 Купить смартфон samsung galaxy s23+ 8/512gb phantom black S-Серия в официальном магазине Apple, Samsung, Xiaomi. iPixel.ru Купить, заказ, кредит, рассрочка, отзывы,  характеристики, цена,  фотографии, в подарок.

...

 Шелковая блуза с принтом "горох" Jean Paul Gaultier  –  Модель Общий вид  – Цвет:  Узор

---

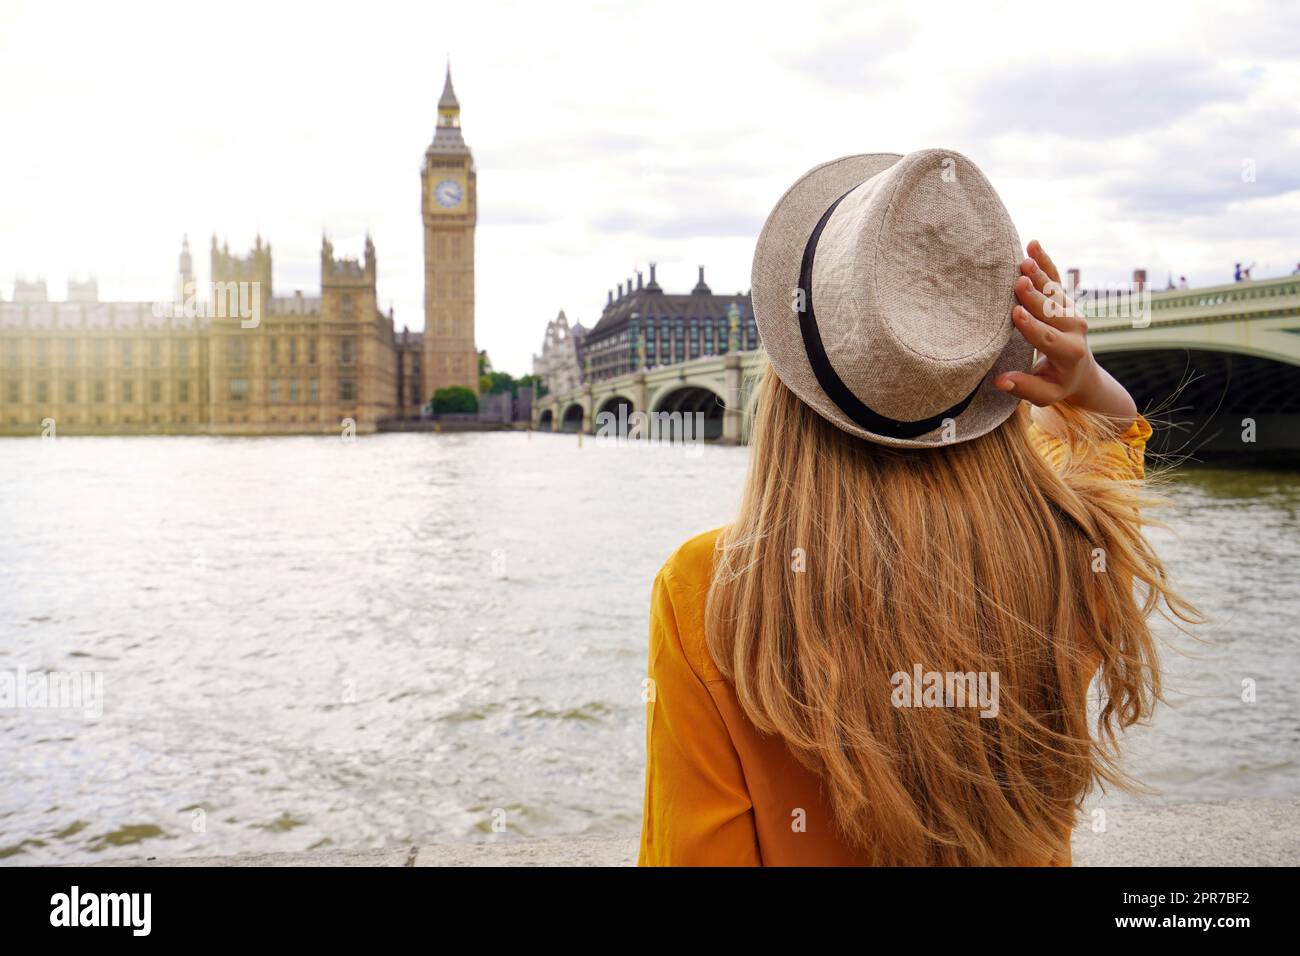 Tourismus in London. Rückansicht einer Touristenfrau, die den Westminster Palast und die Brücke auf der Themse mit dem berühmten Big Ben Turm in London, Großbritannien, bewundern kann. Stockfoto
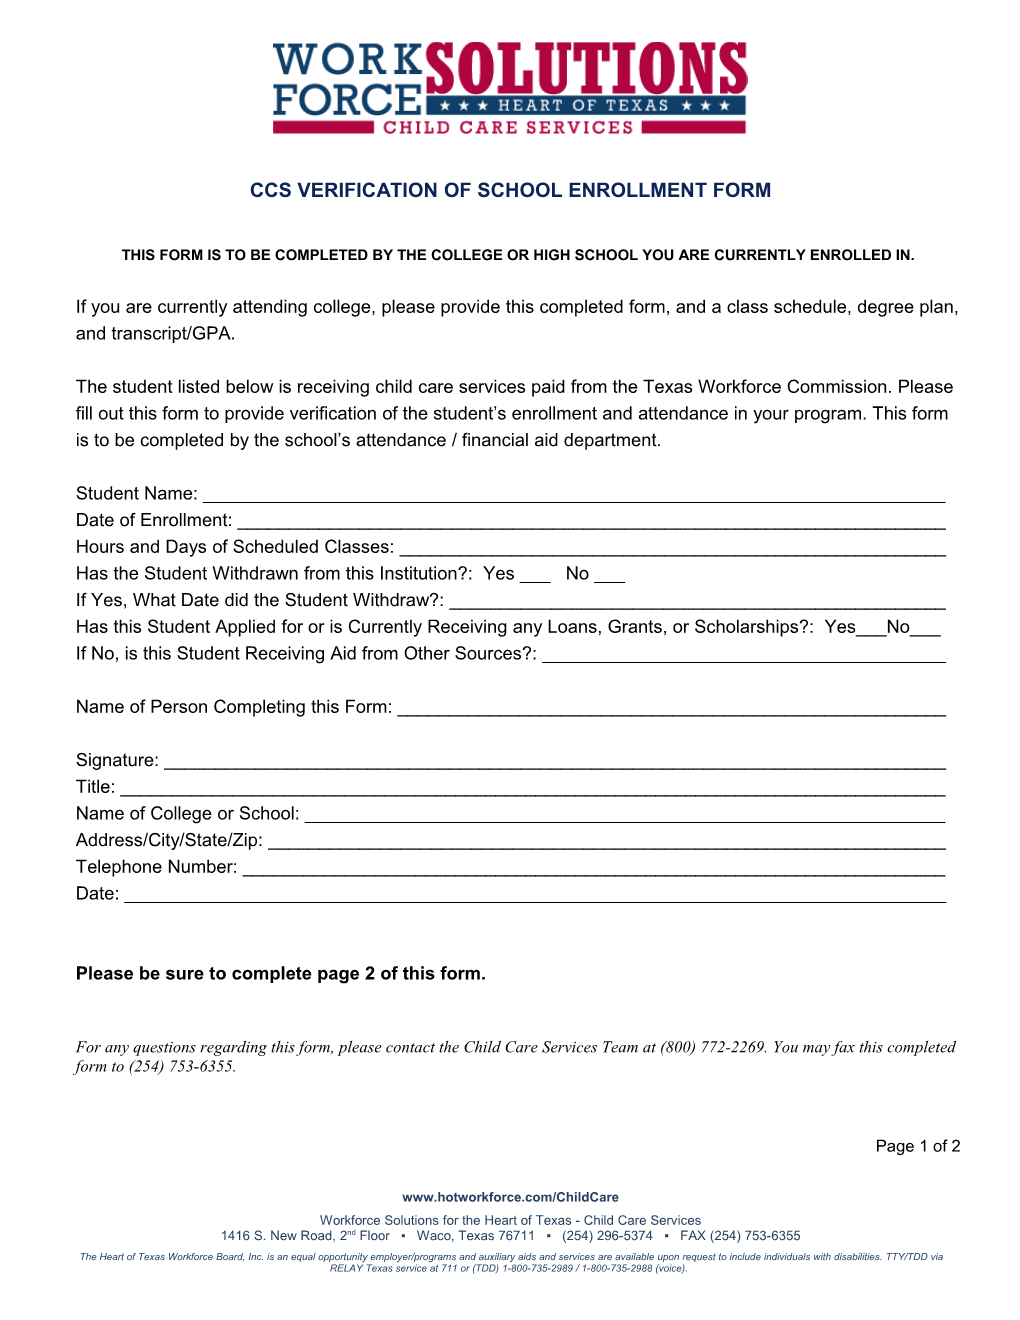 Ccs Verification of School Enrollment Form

» DESCRIPTION OF THE TASK:
Reproduce the listing above from the line that holds "Tourismus in London." through the line that holds "Ccs Verification of School Enrollment Form", both included, with the pictures left out.

» RESULT OF THE TASK:
 Tourismus in London. Rückansicht einer Touristenfrau, die den Westminster Palast und die Brücke auf der Themse mit dem berühmten Big Ben Turm in London, Großbritannien, bewundern kann. Stockfoto
 Ccs Verification of School Enrollment Form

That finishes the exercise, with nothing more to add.